Thursday, December 16, 2010
Thursday Morning Cupcheck - The NHL’s Top Six Cheap Shot Artists
You best watch your back while reading this, homeslice.
Good morning, hockey fans! Here's hoping the brutal crime spree in Hotlanta hasn't got your red-white-and-blue Panties of Justice in a bunch. Last week, we got dust or something in our eye in talking about the unheralded career of the Stars' "Metal Jere Solid" Lehtinen; this week, in honor of former Polish President Gabriel Narutowicz's untimely assassination at the hands of the nefarious Eligiusz Niewiadomski, it's time to drag the NHL's Top Six Cheap Shot Artists kicking and screaming and butt-ending into the light.
Cheap shot artists," you say, "in MY sport? For shame, sir!"

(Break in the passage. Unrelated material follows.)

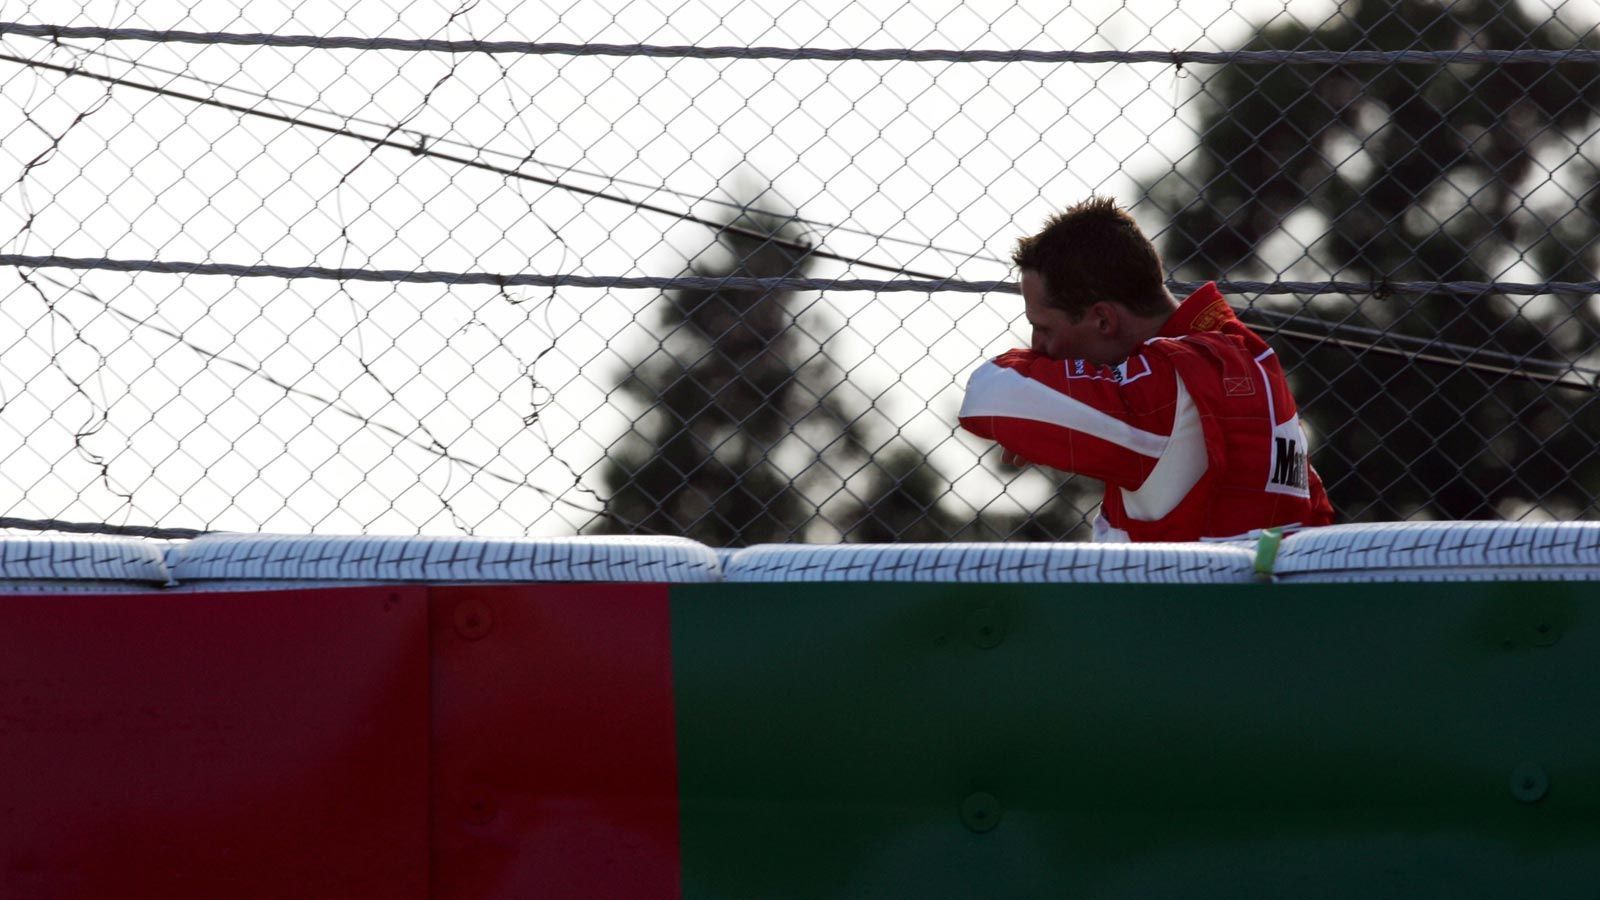 
                <strong>Drama in Suzuka!</strong><br>
                Spätestens beim vorletzten Lauf in Japan realisierte Schumacher vermutlich, dass der achte WM-Titel futsch sein wird. In Führung liegend gab der Motor seines Ferrari den Geist auf. Alonso gewann sein siebtes Saisonrennen und übernahm wieder die Führung der Gesamtwertung. Im letzten Rennen in Brasilien war es so nur noch Formsache für den Spanier, dem ein zweiter Platz reichte, um den Titel zu sichern.

Unfortunately, yes. As long as hockey has tunnel-visioned nerdos more concerned with the typos on the ads along the boards than with the Four Loko-upped Canadian farm-warriors bringing a free surprise massage to necks in need, the "cheap shot artist" will continue to have his place on the ice. And there's absolutely nothing *coughcougheliminatetheinstigatorcough* that the NHL can do about it. So here's the list of the Top Six Dale Hunter Wanna-Be's.
6. Jordin Tootoo: Do you realize that the Eskimo language has over 50 words for "unsuspecting shot to the head?" Aspiring ethnolinguist Tootoo has spent seven years treating opposing forwards like baby seals, knocking them unconscious in order to harvest their rich Canadian blubber. Tootoo is such an accomplished hunter of the heads, that he even looks for unsmashed craniums in hard-to-reach places.
5. Jarrko Ruutu: Following in the footsteps of Simo Hayha, the Finnish folk hero who reportedly bit the fingers off of over 700 Russkies in World War 2, Ruutu's unwavering dedication to wiping Russia off the face of the planet Earth, one forward at a time is slowly nearing fruition. Even non-Russian Frankensteins fear Ruutu's wrath.
4. James Wisniewski: This bright-eyed young Paduan has been taught well in the ways of the Dirty Force. Perhaps you think his inclusion on this august list is a bit premature, but there are more ways to hurt a man than the tired old method of physical assault. You can damage a player emotionally. And Wisniewski's uncalled-for cheap shot on Sean Avery's off-ice side career makes him the Dr. Phil of Chris Prongers. What Avery does in the privacy of the Times Square Disney Store in broad daylight is no one's business. Unless you happen to have bus fare or half a pack of smokes, in which case, Avery has a business proposition for you.
3. Matt Cooke: I remember a time when Matt Cooke was a speedy, defensively-responsible winger for the Canucks who was "hard to play against." Now he's a complete waste of a roster spot. This Jaden Smith-in-training can regularly be found hiding under his bedsheets and moaning awkwardly to the Webster's definition of "defenseless". And unlike most of the Penguins' surprising number of one-note talentless goons, Cooke actually has good reason to avoid responsibility for his actions.
2. Chris Pronger: Chris Pronger is the guy Canadian parents use to keep their kids in line. Alberta's highway system is littered with the discarded corpses of misbehaving children that refused to eat their spamloaf. Mickey Mouse's rich Barry White-esque baritone is no more thanks to a well-placed elbow to the nuts suffered while Pronger was playing for Anaheim. The former Elysian Paradise of East St. Louis would not be what it is to-day without a few well-placed skate stomps. Say what you will about Chris Pronger (because we totally will), but Pronger is the Picasso of Cheap Shot Artistry. But even Pronger wakes up in a cold sweat after nightmares about this guy...
1. Todd Bertuzzi: Bertuzzi is the guy you bring in when one of the other guys on this list needs a good unsuspecting thwack in the back of the head. While Pronger and Tootoo may put an end to your ability to chew solid food, Bertuzzi puts an end to your need for it. Nobody brings a hockey stick to an elbow fight quite like Bertuzzi, who has the added bonus of a face so depressing it makes Gorgoroth look like High School Musical 2. Bertuzzi has been known to crash Detroit-era children's birthday parties as Molesto the Clown ... without needing any makeup. If you say his name three times while staring at a mirror, Bertuzzi will spear a nun in the hoo-ha and tell your seven year-old sister she's adopted before making out with your dad. Scientists have studied Bertuzzi's optical nerve and determined that all living creatures look like Molson's-filled pinatas that just insulted his mom. The Red Wings picked him up because he was covered with winger blood anyways and they'd save thousands on jersey dye.